Люблю играть на гитаре на своей,песни сочинять , эт тоже украшает жизнь кажется. Ну вобщем список можно пополнять и пополнять.

----------


## blooddrakon

Зимнее утро это замечательно, особенно выйти просто прогуляться таким утром !!!!! А еще замечательно когда зимой на улице ужасный мороз, а ты сидишь вечером дома, пьешь горячий кофе в тепле, смотришь за окно, и испытываешь радость от осознания, что никуда не надо выходить и можно просто посидеть дома отдохнуть. На гитаре я тоже люблю играть, да и вобще люблю слушать, и исполнять музыку !!!!

----------


## Beata

Сидеть ночью возле окна, укутавшись в теплый плед и смотреть в окно, где в свете одинокого фонаря медленно падають крупные хлопья снега... это одиноческтво, я люблю когда на душе спокойно и не нужно никуда спешить, чтобы успеть собраться с мыслями.

----------


## Аска

Клуб любителей снега и зимы)) Приятно встретить единомышленников - уже по 2м статьям)

----------


## Wolf

просыпаешься в час дня, дома никого, любимый музлон на всю катушку, никакого института. а наночь с друзьями в клуб или кататься по ночному городу. тока такое уже редкость  :Frown:

----------


## Betta

Люблю сидеть и слушать музыку вечером гденибудь на улице и смотреть на людей,которые кудато спешат.
И еще очень люблю быть рядом с лошадью...если их долго нет в моей жизни просто помираю

----------


## Аска

Betta, давненько тебя не видно было. Ты как?
Да, музыка... А вот людей не люблю.

----------


## taggart

*The great pleasure in life is doing what other people cannot do.*

Работу свою люблю. Хотя нет, не совсем так... люблю те тонкие внутринние ощущения когда решение, очередной, не решаемой задачи осталось прошлым :). А если решение ещё и делает банковский счет толще - вообще красота =). Хотя.. "жизненные" задачи могут радовать не хуже, а то и лучьше, "рабочих".
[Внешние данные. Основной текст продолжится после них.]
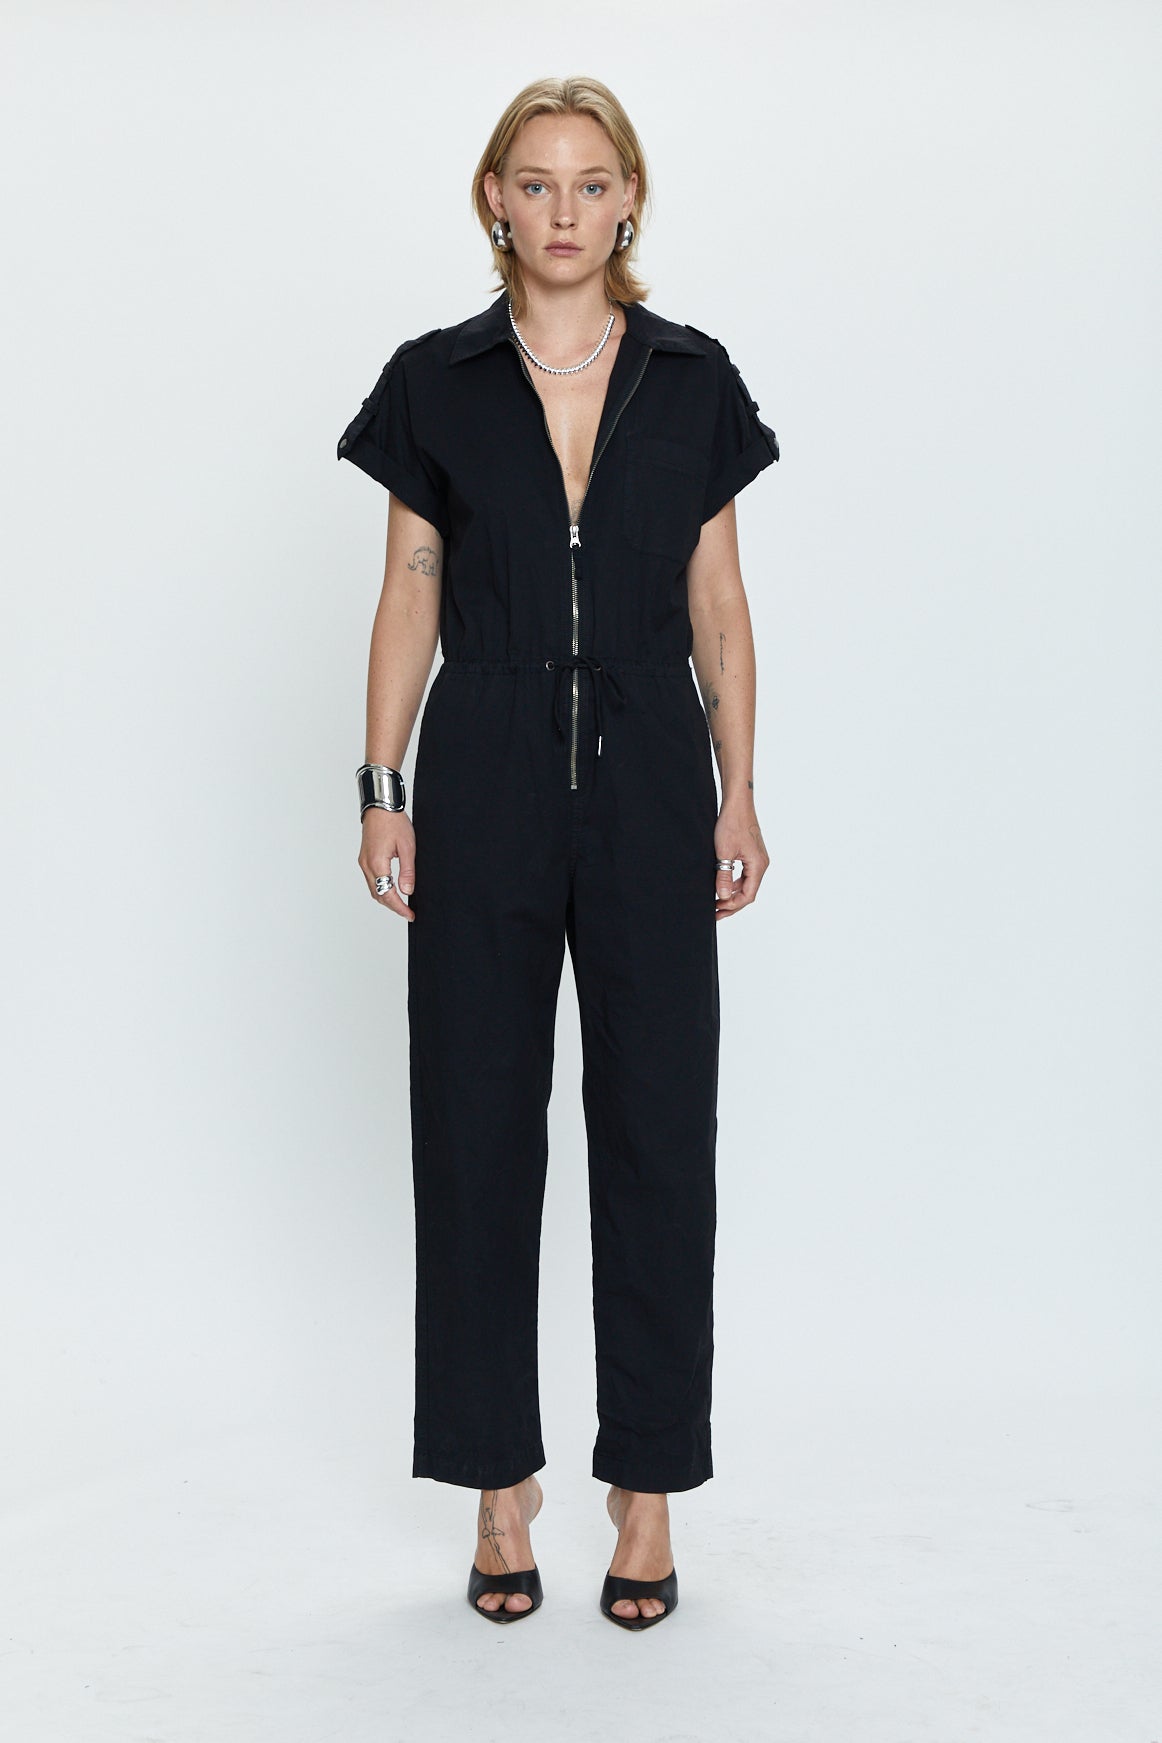 Jordan Short Sleeve Zip Front Jumpsuit - Fade to Black
            
              Sale

Ещё бывает прикольно "оглянуться назад", за чашечкой крепкого кофе.. И с улыбкой подметить "ну и долпоеп ты, Флай, таким электронным микроскопом тааакииие гвозди, Н лет назад, забивал :). а ведь через какое-то время ты скажешь тоже самое про то, что ты делаешь сейчас".....
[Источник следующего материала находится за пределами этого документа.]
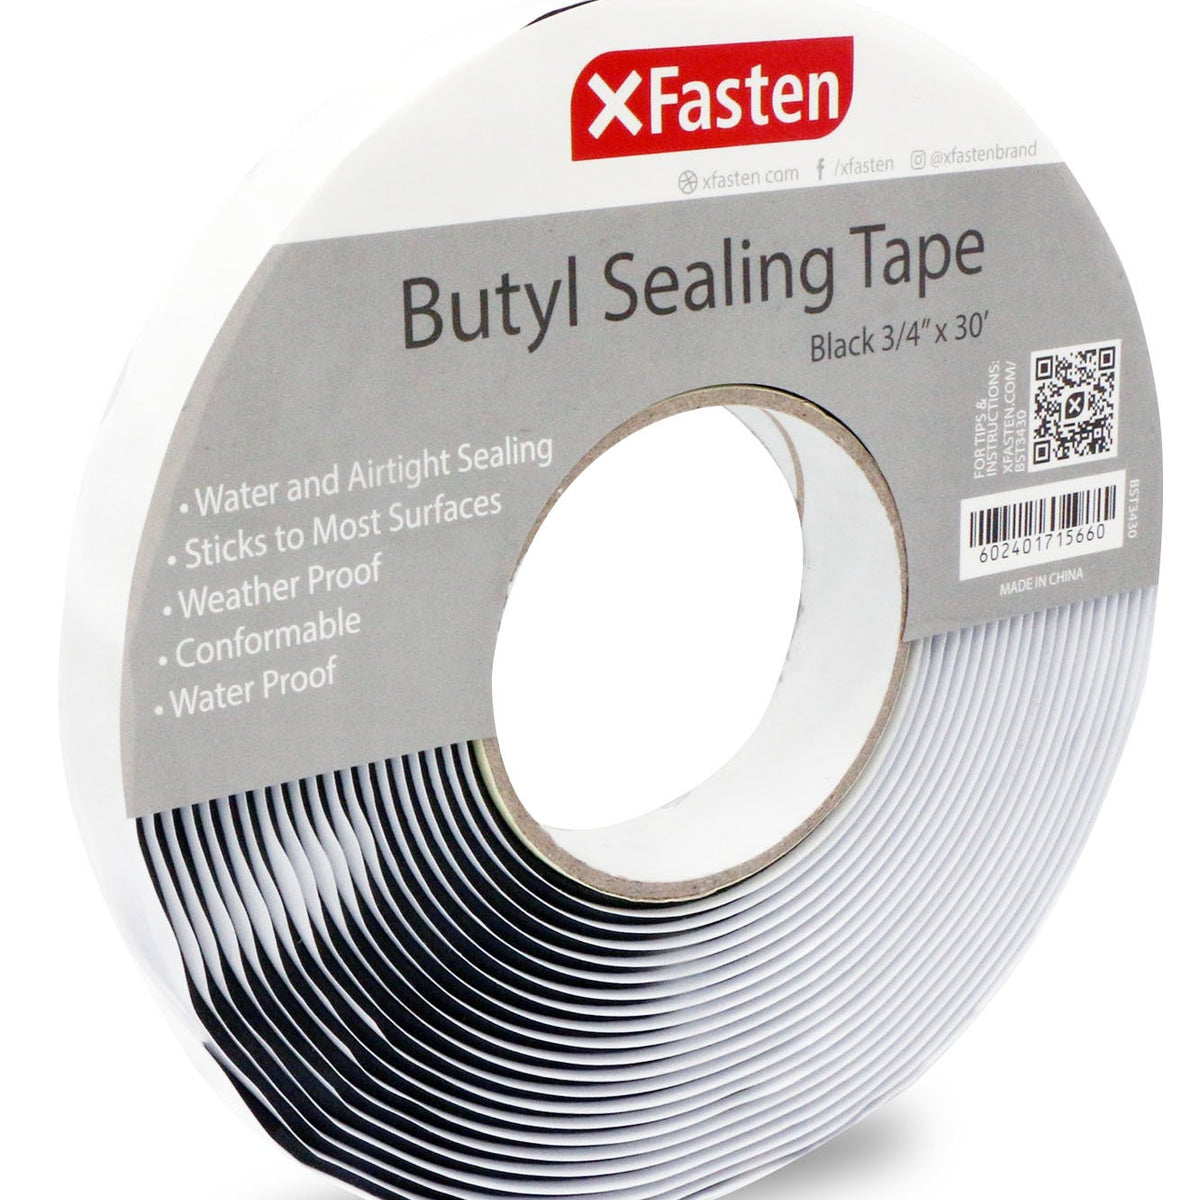 Buy XFasten Butyl Sealing Tape, Black, 1/8-In x 3/4-In x 30-Foot

Ну а вообще, во всем можно найти свой прикол..когда есть настроение...когда есть настроение. Вот если, вдруг, нет - тогда да..не порадует ничего.

з.ы. швейцарские часы и швейцарский с-ы-р. (с). ;-D

----------


## Betta

Aska да норм вроде...токо сдать литературу надо.
Ливень...да тоже люблю летом,когда жарко вдрук как ливонет...но не люблю дождь с утра,он плоходействует на мое настроение

----------


## настёнок

ммм....люблю побыть одной дома и поваляться в кровати))

----------


## ryceHu4ka

кофе, сигариллы, красивых людей, мужскую одежду, виолончель...

----------


## огрызок тепла

тишину люблю. мне ее так не хватает...

----------


## U.F.O.

люблю деньги, но это не взаимно =\

----------


## Туман в ёжике

Люблю лимон

----------